• **DATASET RECORDS**
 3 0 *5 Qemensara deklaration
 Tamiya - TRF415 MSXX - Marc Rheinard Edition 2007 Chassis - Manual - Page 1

* * *

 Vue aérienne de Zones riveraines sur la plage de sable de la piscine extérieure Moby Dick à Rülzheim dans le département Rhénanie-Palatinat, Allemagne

• **EXERCISE AIM**
Retype exactly the lines above, from the one with "3 0 *5 Qemensara deklaration" through the one with "Tamiya - TRF415", inclusive.

• **TASK OUTPUT**
 3 0 *5 Qemensara deklaration
 Tamiya - TRF415 MSXX - Marc Rheinard Edition 2007 Chassis - Manual - Page 1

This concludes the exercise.